The Provost of Louňovice arrives in Kutná Hora, where the Germans throw the Hussites into the empty shafts of the local silver mines. Here, the provost informs King Sigismund about the position of Oldřich of Rožmberk. A delegation from Prague arrives tonegotiate with Sigismun, desperately trying to beg for mercy from Sigismund. Sigismund declines to negotiate with the Hussite envoys and thus force them to ask for help from the rural Hussites and especially the South Bohemian camps. In Tábor Žižka's side prevails after hearing news from Prague and most of the local Hussites are getting ready to leave for the threatened Prague. The yeoman Ctibor and his nephew Ondřej also leave against their father's will. Zdena decides to stay in the city together with Bydlinský, Kániš and their people.

The lord of Rožmberk marches against the weakened Tábor with his army supported by the troops of the Austrian Duke Albrecht. In Rožmberk's army there is also novice Marta, the Provost and sacristan of Louňovice. The camp is besieged and barely resists the odds. Žižka sends cavalry from Prague to the aid of the besieged Tábor. With an unexpected attack, the Hussites manage to defeat the besiegers and save Tábor. AProvost and Sacristan of Louňovice are captured and executed by Hussites. Novice Marta and her maid are saved from death by young Ondřej of Hvozdno.

After the primary danger has been extinguished, there is a definitive split in Tábor. Radicals led by Kániš leave the city for the foothills of the conquered Příběnice castle. Zdena and Jan Bydlinský also leave together as they fall in love. In Příběnice, Kániš seduces his listeners, and these fanatics burn the Zeman's daughter Zdena and Kániš's son Bydlinský alive.
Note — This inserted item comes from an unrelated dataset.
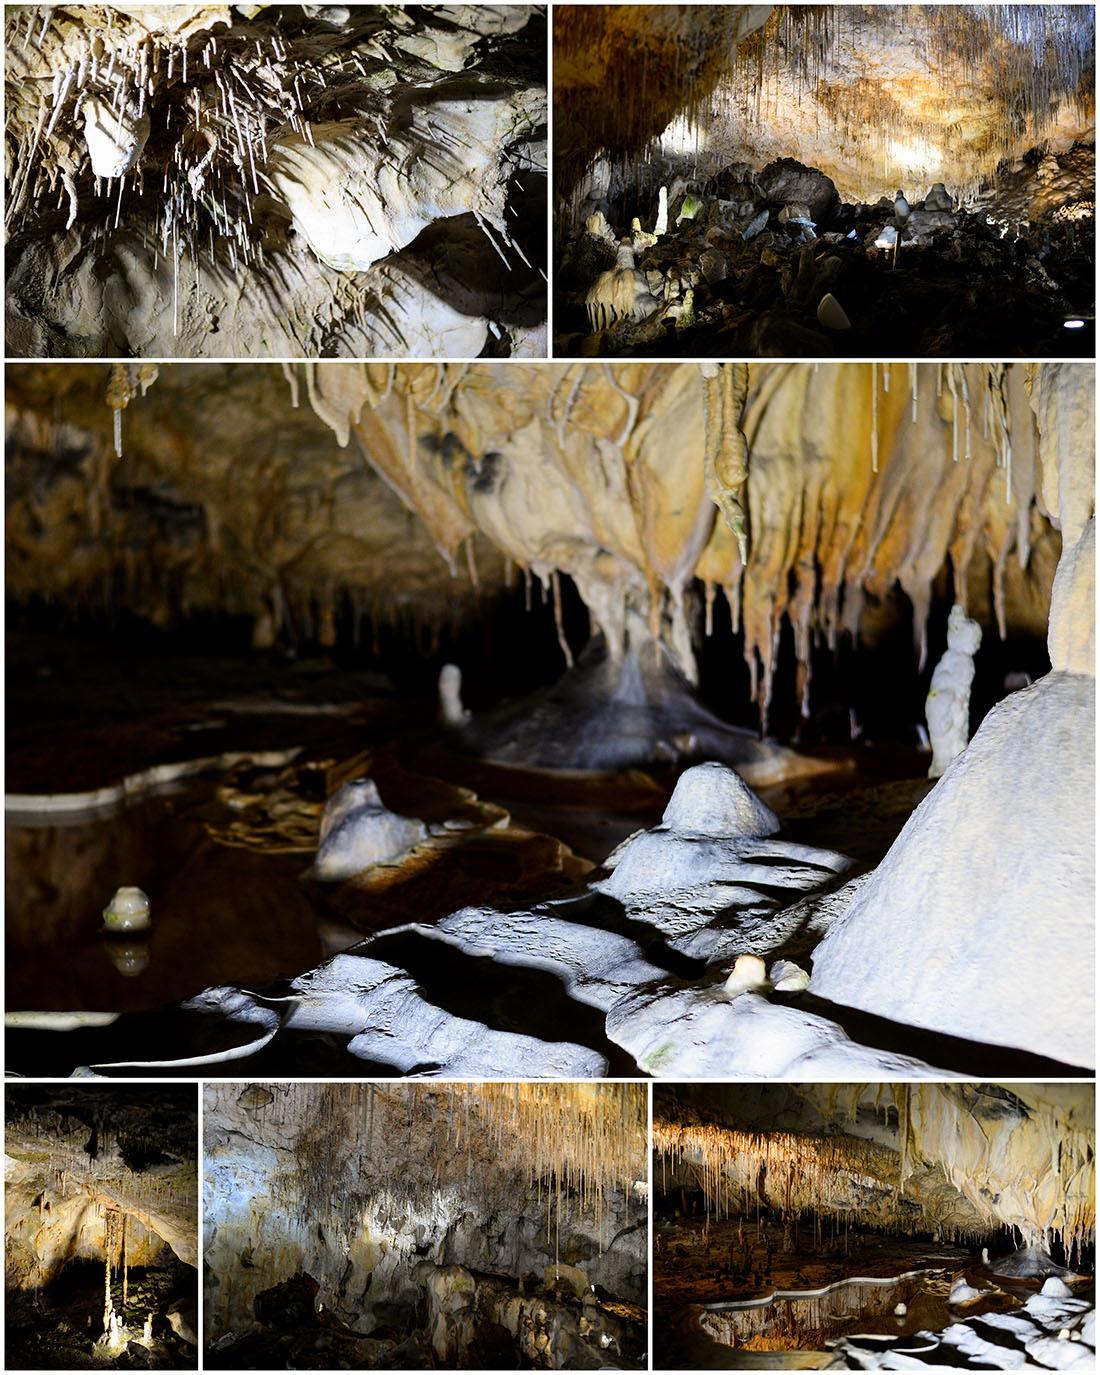 grotte de thouzon, le thor, vaucluse , autour de l'isle-sur-la-sorgue

Not even Ctibor can save his daughter.

In the finale of the entire film, Prague, where Hussites have already arrived, is preparing for an attack by the Crusader troops, who are besieging the capital from three sides. The only supply route to Prague is the path from Poříčská brána, which leads around Vítkov Hill. Žižka therefore fortifies this strategic point with very small group. Large crusader army attacks Vítkov Hill. Žižka's group defends it but is vastly outnumbered. Crusaders are eventually defeated when reinforcements from Prague arrive. King Sigismund is defeated and the crusade falls apart. The Hussites celebrate this great victory at the end of film.

==Production==
The film was shot in 1956 in studios in Barrandov. Exteriors were shot in Radotín. Historians Jan Durdík and Eduard Wagner participated in the production as historical and military advisors. The music was conducted by Jiří Srnka and arranged by the Film Symphony Orchestra and Aus-Vít Nejedlý Choir conducted by František Belfín. Jiří Trnka also participated in the film as head of the costume section. Filming took place with the participation of units of the Czechoslovak army and clubs of Svazarm, which supplied horses for the filming, and the Institute of Military History. The budget of 25 million Czechoslovak crowns made the film Against All the most expensive film in the history of Czechoslovak film at the time.

==Reception==
Like other parts of Vávra's Hussite trilogy the film is valued to this day for its monumentality, set, costumes and successful battle scenes. Nevertheless, this film is often criticized for its excessive use of the regime of the 1950s, its schematicity, its constructive enthusiasm and its distortion of history.